Dopo i disastri elettorali della casa della libertà , Berlusconi
non può garantire niente a nessuno. Meglio trattare con Mastella e
soci, si sono detti molti dirigenti di Forza Italia e non solo.
Non è ricco il berlusconismo di tanta fauna di matrice di sinistra
a volte extraparlamentare? E quanti ex-democristiani si trovano a
disagio con le brutte figure del governo Berlusconi? Meglio una
crisi di coscienza e ricambiare maglietta. Ci assicurano che ne
vedremo delle belle e chissà  quanti elettori dell’Ulivo si
schiferanno di questo traffico. Basterà  l’anti berlusconismo per
convincere un elettore della sinistra umbra a votare nel collegio
per De Michelis o Sgarbi? Gli esperti assicurano che avendo già 
votato per Adornato gli umbri digeriranno altri voltagabbana.
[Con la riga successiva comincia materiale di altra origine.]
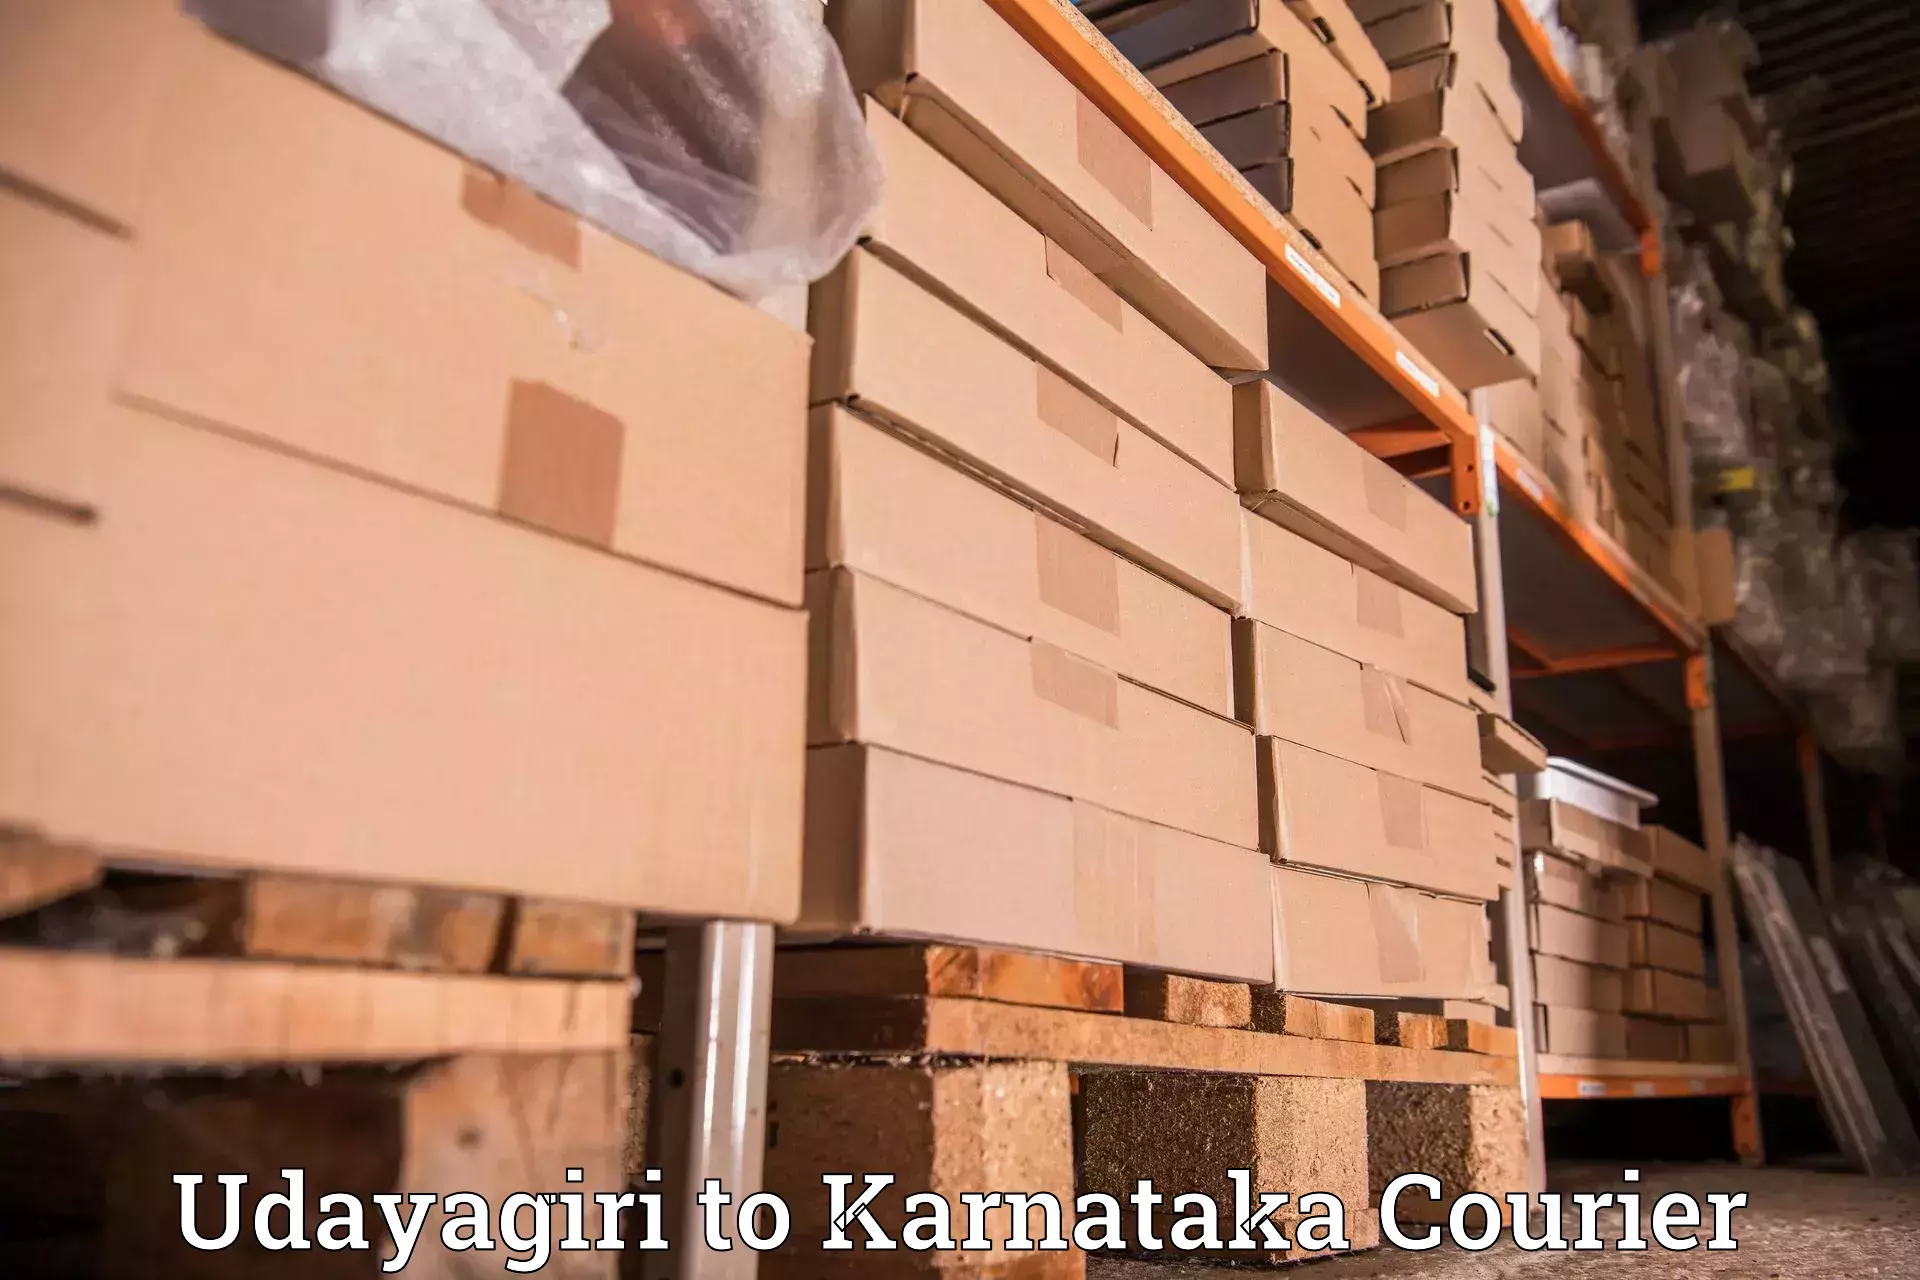 Cash on delivery service Udayagiri to Karnataka

Ciò
è possibile, ma è anche probabile che il rigetto di Berlusconi non
basti quando il candidato è troppo lontano dal comune sentire di
un democratico magari anche di sinistra. Astenersi non è più
peccato ci rassicura il cardinal Ruini.
D’altra parte la politica di oggi riguarda soltanto gli aspiranti
ai concorsi per i posti al sole. I comuni mortali ormai
considerano che la politica serva soltanto a perpetuare una classe
politica ossificata.
Non è certo che le compravendita in atto aiuti la politica a
trovare una qualche forma di dignità , ma per garantirsi la
poltrona molti pensano che si possa prescindere dall’etica e dai
valori. E’ come nel calcio. Lucarelli del Livorno e pochi altri
giocatori hanno resistito ad un aumento di ingaggio per l’amore di
casacca e di appartenenza ad una comunità .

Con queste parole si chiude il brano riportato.